Ultimately, in March 2021, VOF again revoked its approval of the building plan after a report from the Albemarle’s assessor’s office showed that Schultz’s proposed house would have a finished living area of 3,904 square feet, excluding the basement and the garage, “a figure far in excess of the one provided in the building plans and the Albemarle County building permit application.”

An April, in-person inspection “confirmed multiple violations of the easement and the terms explicitly identified,” as the house was larger than the 3,000-square-foot cap; “the as-constructed basement contained significant areas of finished living space — including multiple bedrooms, multiple bathrooms, and living areas — in violation of Schultz’s and the building plans’ representations that the basement would be unfinished;” and “the garage, now connected by an enclosed breezeway (not an open-air breezeway as represented in the proposed plans), contained previously unreported living space, including multiple bedrooms, a kitchen, and one or more bathrooms,” the complaint said.

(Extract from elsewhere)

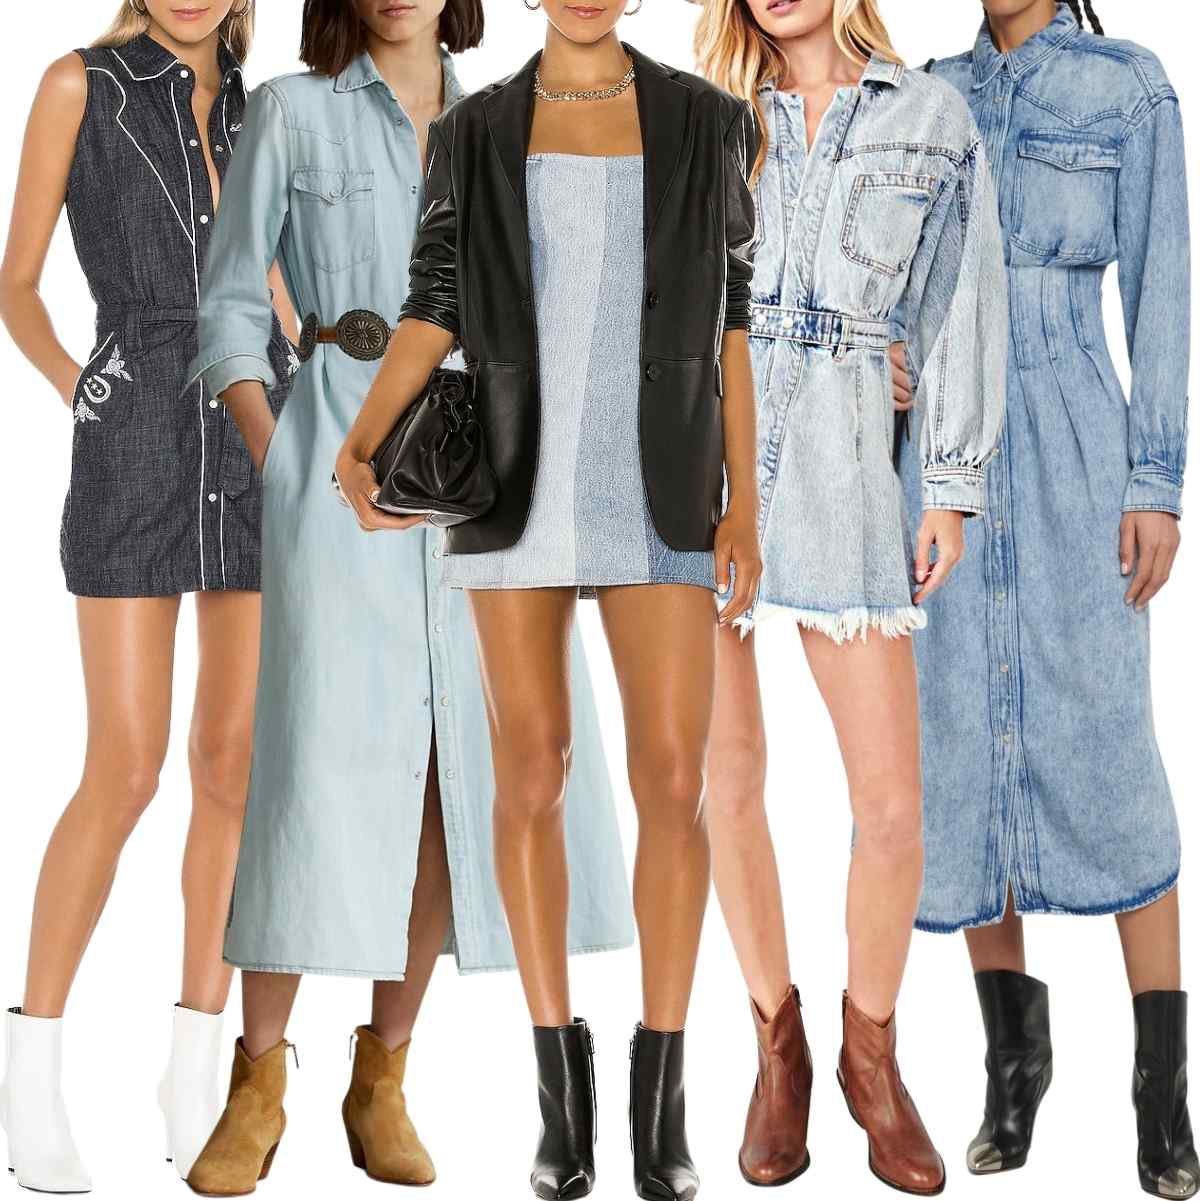 Collage of 5 women wearing different denim dresses with ankle boots.

In June, Albemarle officials asked the builder to resubmit an application after a site visit showed finished space in the garage not included in the original plans, and totaled what “looks like” eight bedrooms, six full bathrooms and two half-bathrooms, according to county building permit information.

A new application was submitted in July for a house with 8,702 square feet of “habitable space” and 3,724 square feet of “unfinished” square footage, which is currently listed as “under review.”

“Unless enjoined by the court, Schultz will continue her unauthorized activities in violation of the easement and worsen the harm she has already caused,” the foundation said in its filing. “VOF has no adequate remedy at law for Schultz’s violations. A temporary injunction is warranted based on the equities of this case and the strong public interest in upholding the terms and protective purpose of conservation easements.”